Stored dataset items:

----------

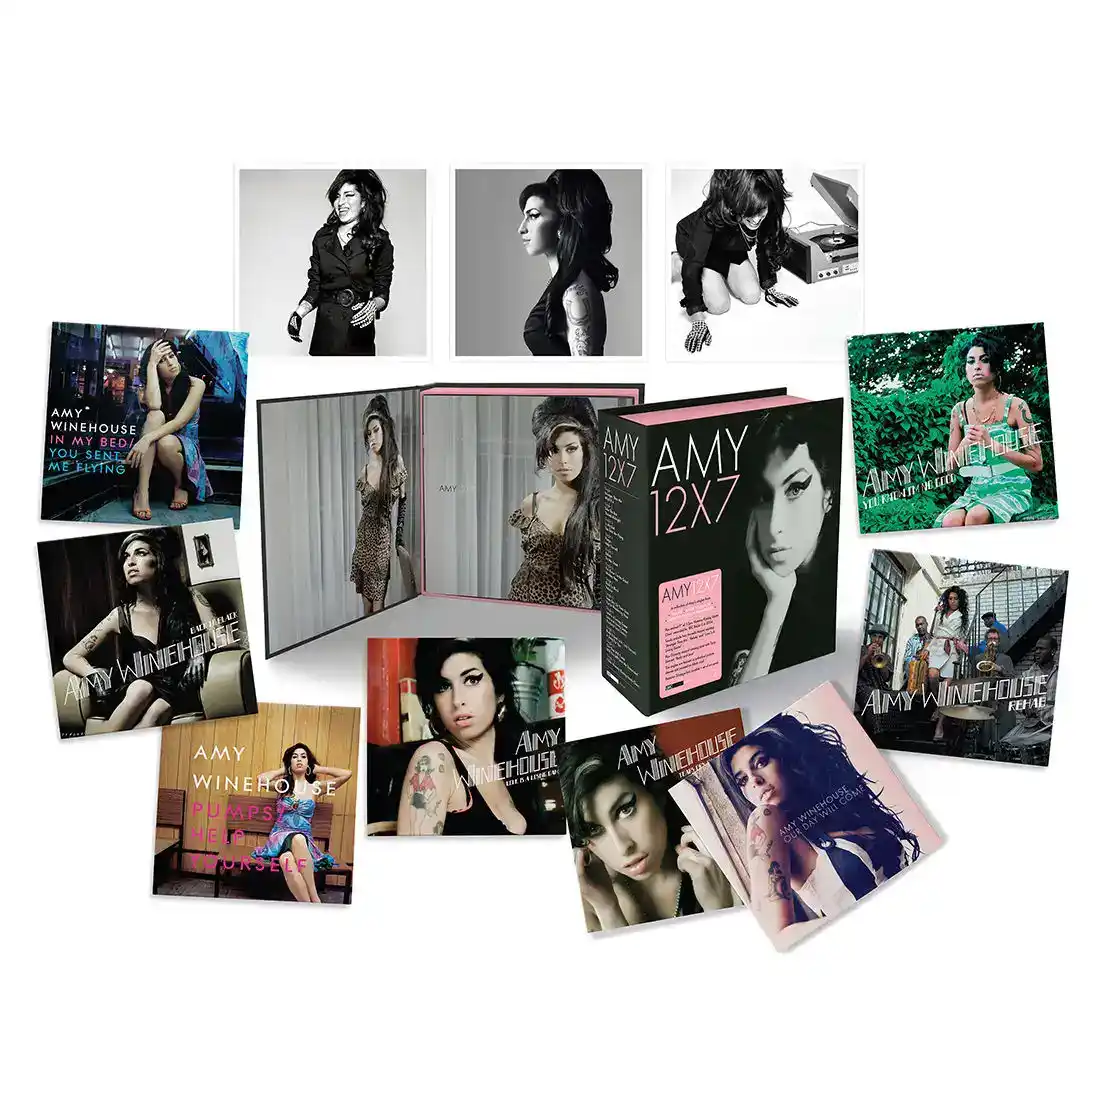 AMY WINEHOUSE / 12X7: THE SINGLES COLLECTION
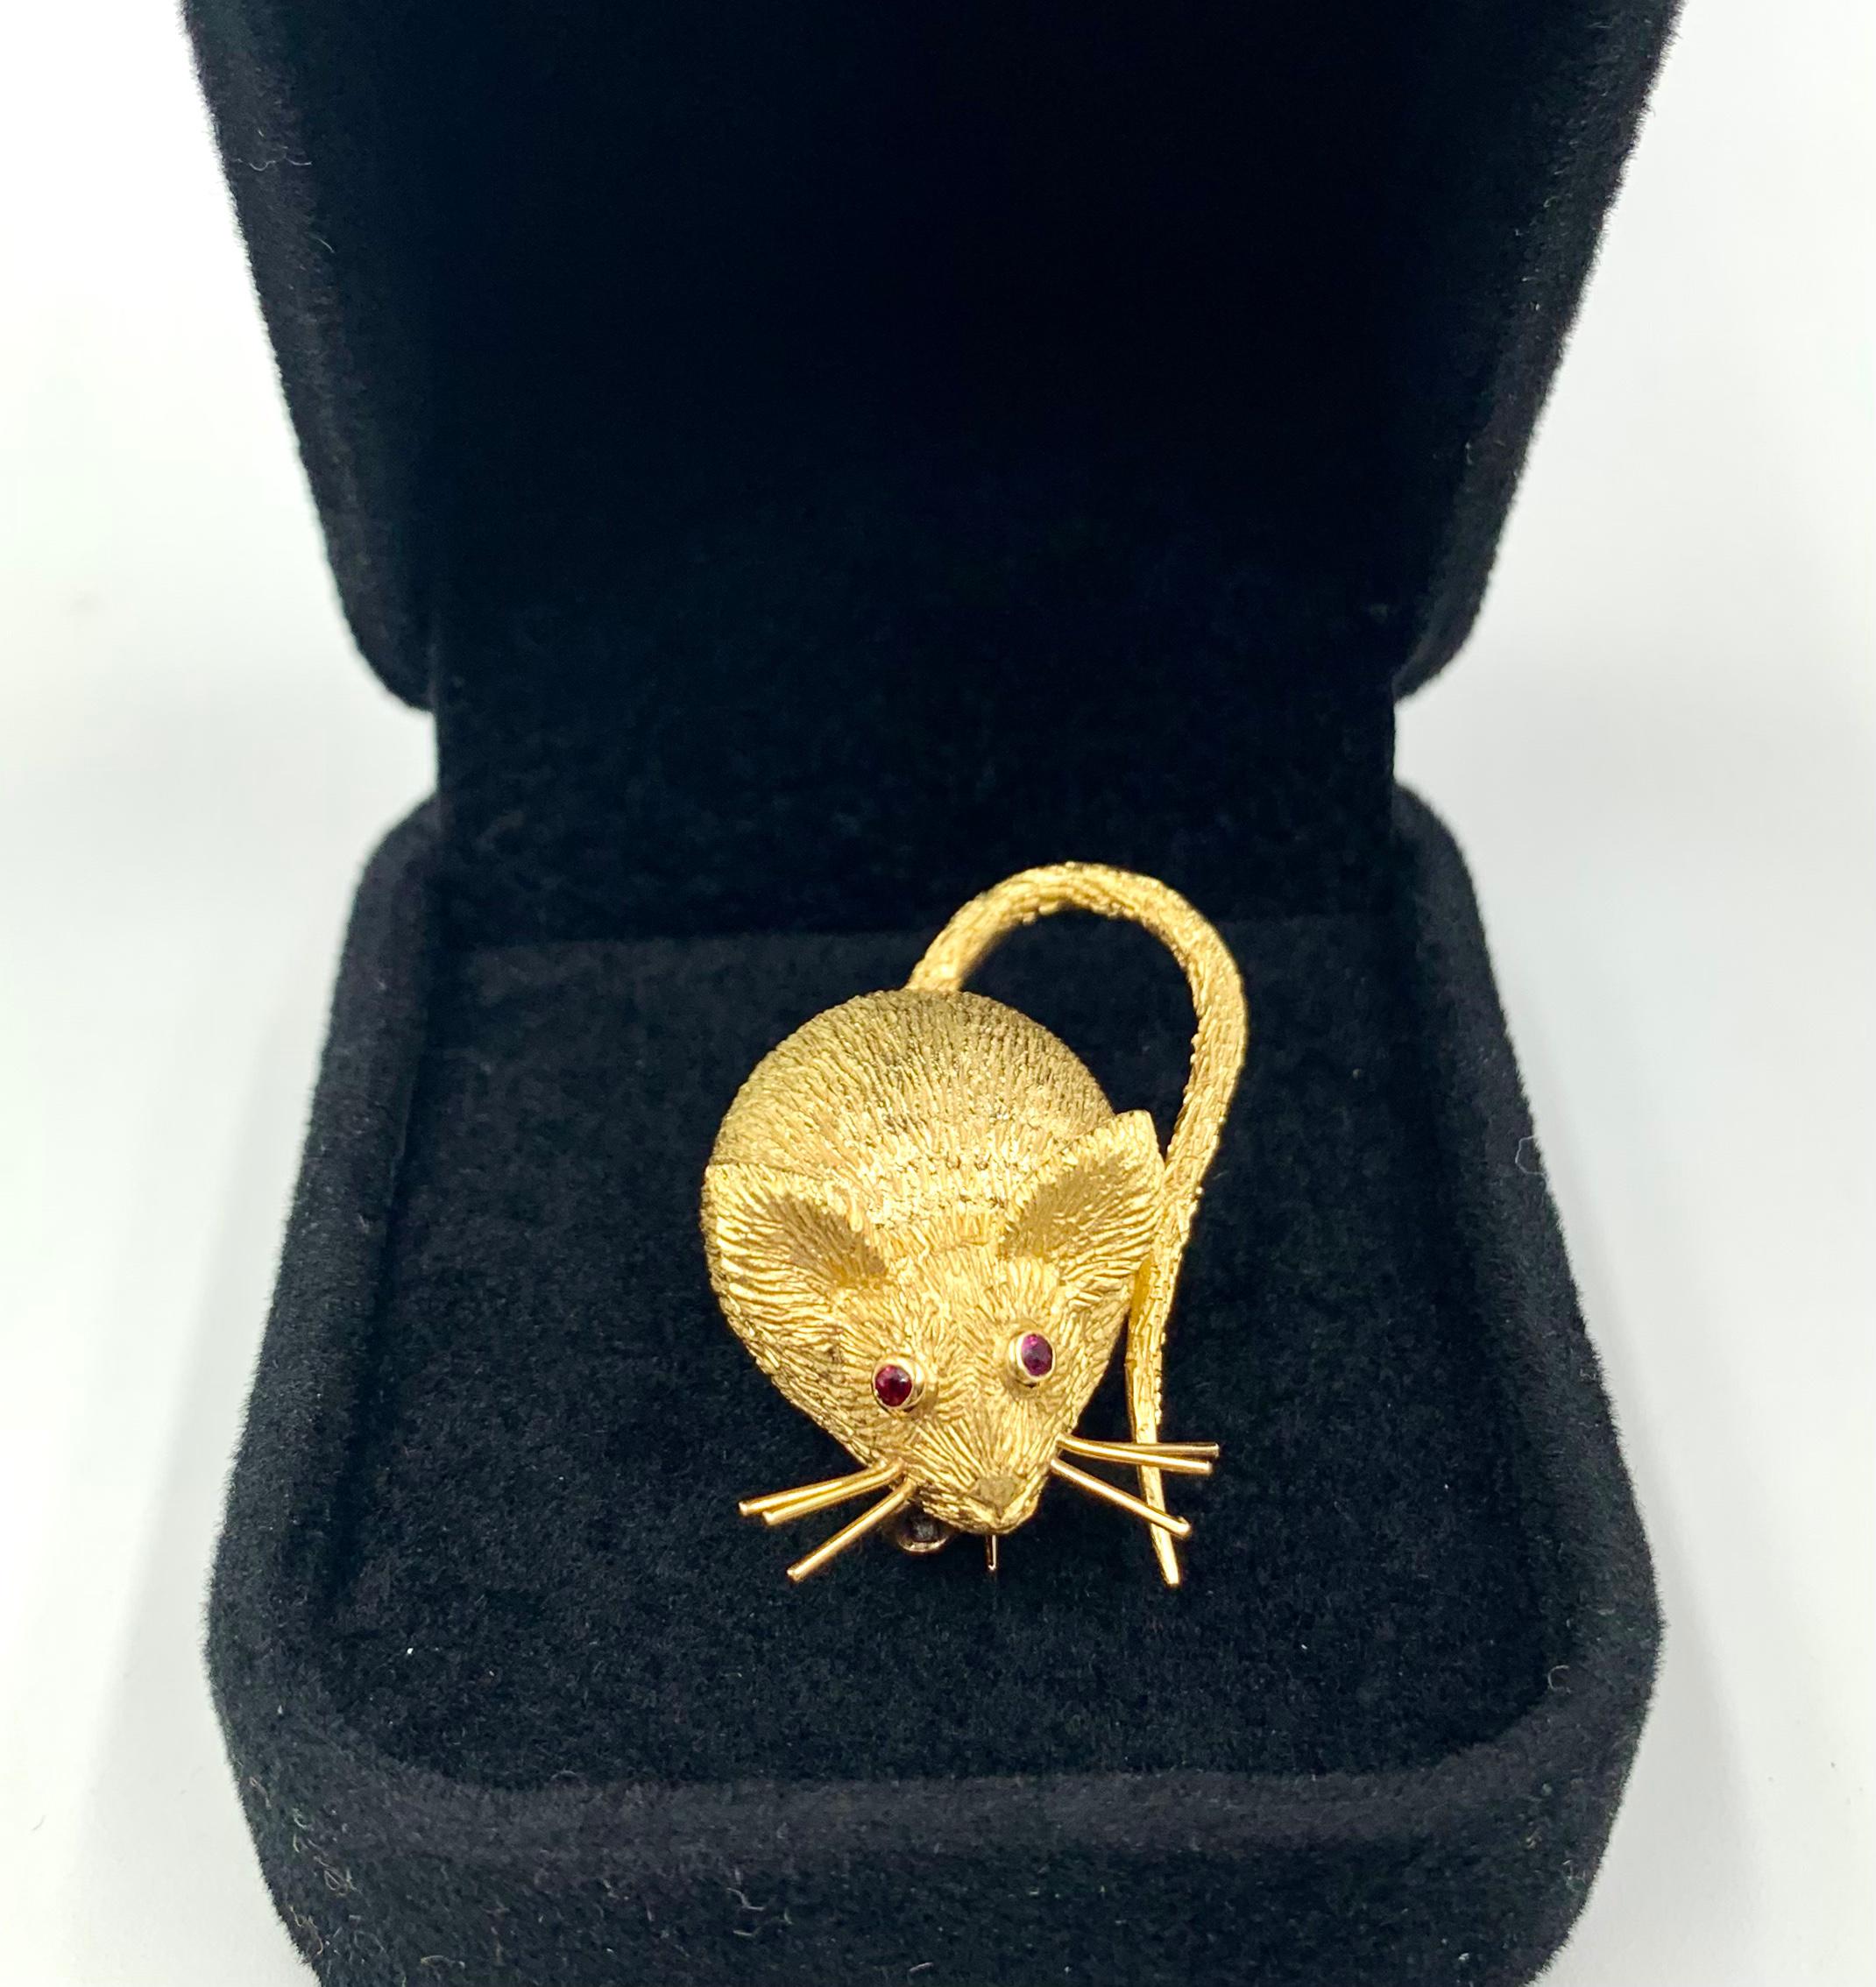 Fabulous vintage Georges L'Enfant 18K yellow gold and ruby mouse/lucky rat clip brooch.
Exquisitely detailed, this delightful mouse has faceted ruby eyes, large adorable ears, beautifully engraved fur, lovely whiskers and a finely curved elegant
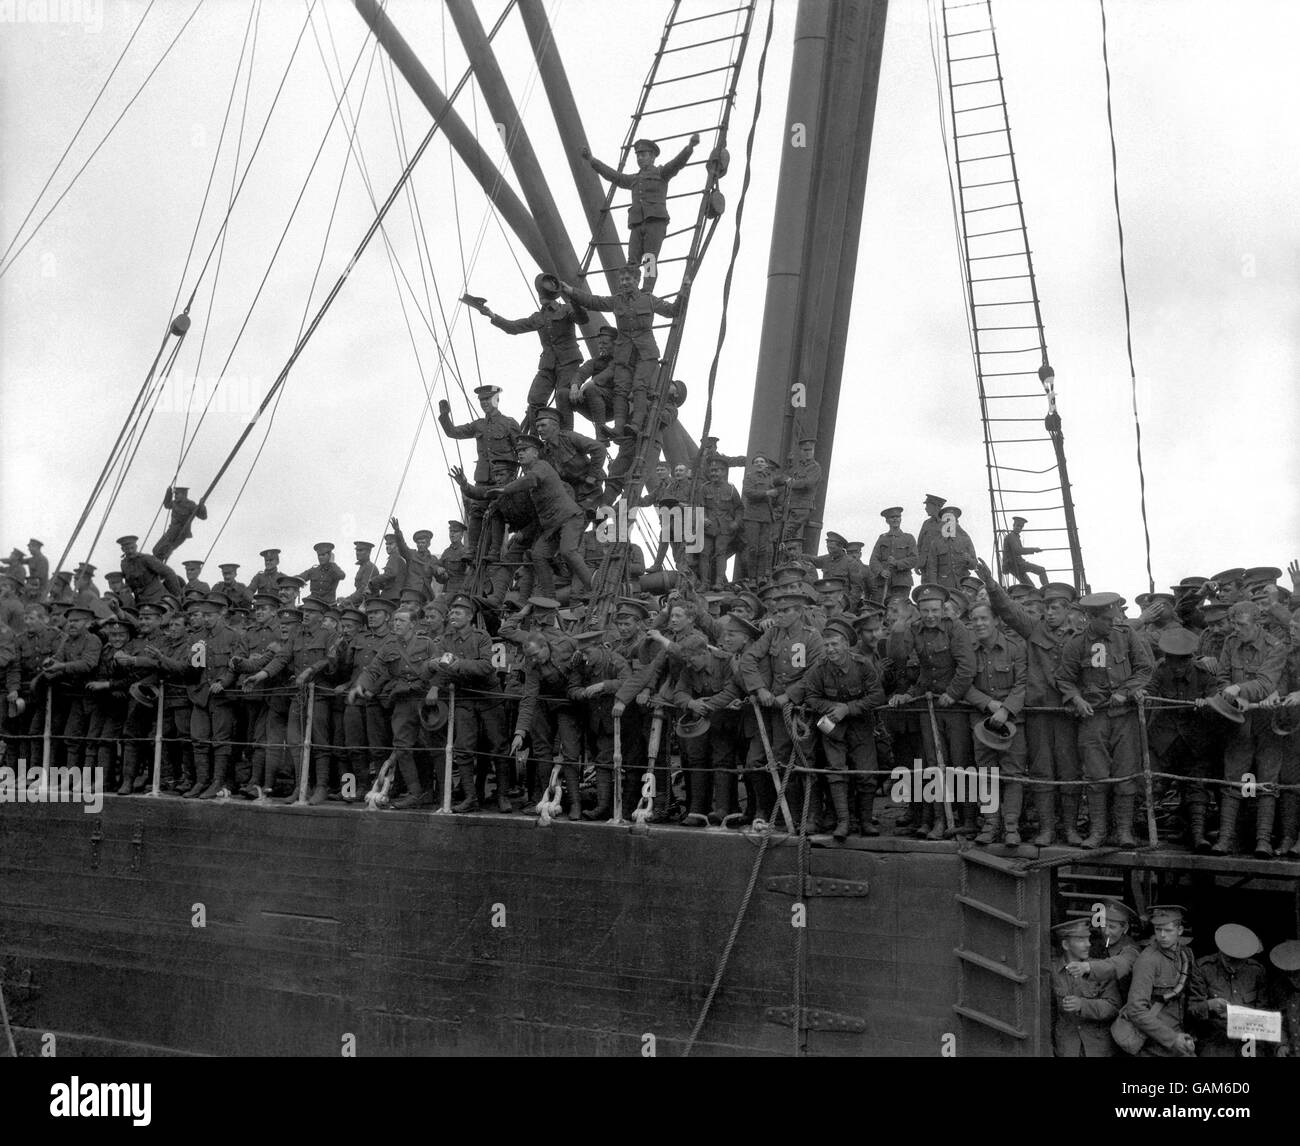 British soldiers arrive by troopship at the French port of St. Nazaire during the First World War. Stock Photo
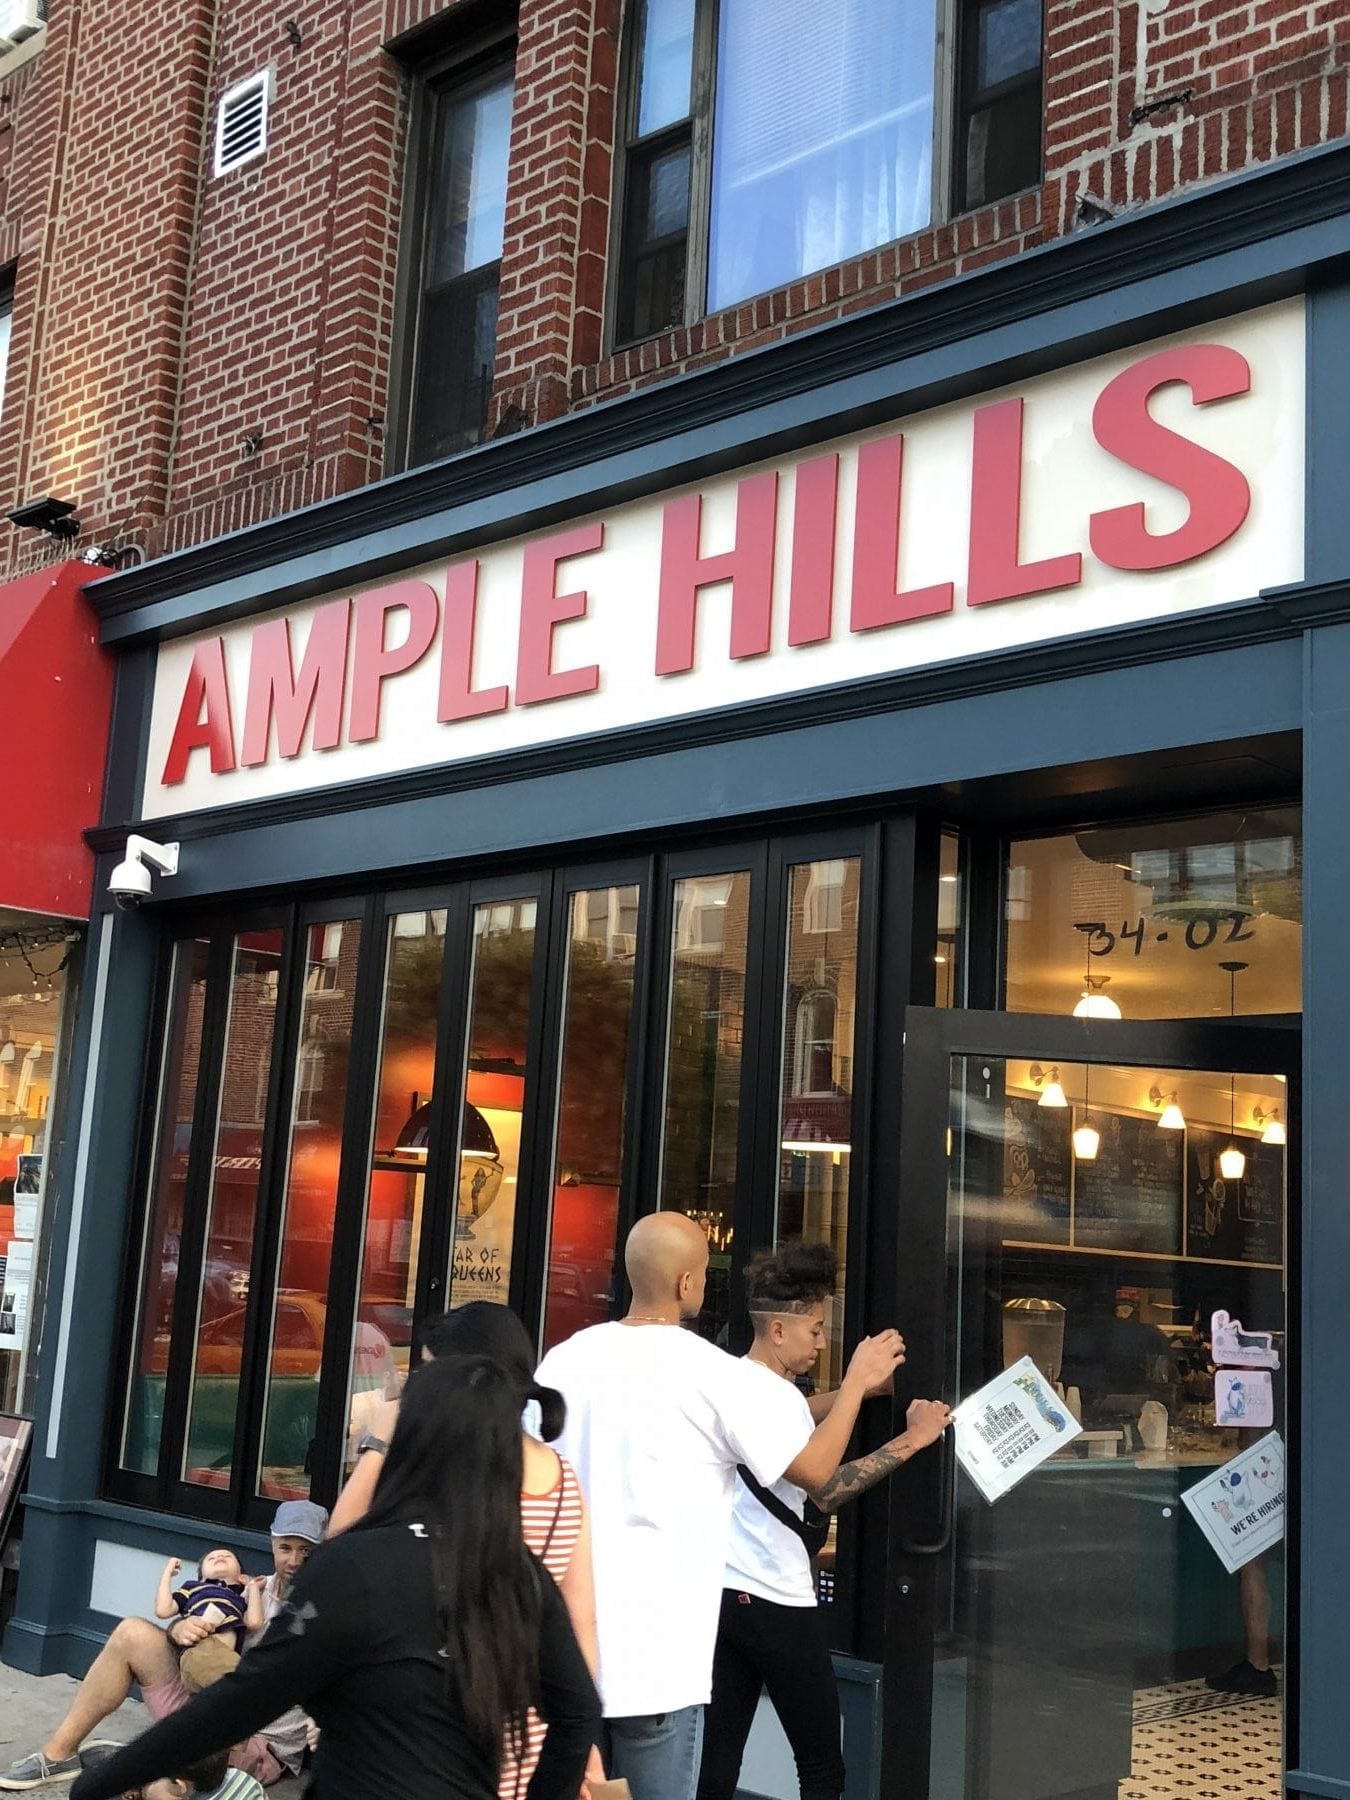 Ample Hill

----------

REQUIRED WORK → Repeat the records in full, exactly as they appear, but with the pictures removed.

REPLY TO THE EXERCISE →
 AMY WINEHOUSE / 12X7: THE SINGLES COLLECTION
 Fabulous vintage Georges L'Enfant 18K yellow gold and ruby mouse/lucky rat clip brooch.
Exquisitely detailed, this delightful mouse has faceted ruby eyes, large adorable ears, beautifully engraved fur, lovely whiskers and a finely curved elegant
 British soldiers arrive by troopship at the French port of St. Nazaire during the First World War. Stock Photo
 Ample Hill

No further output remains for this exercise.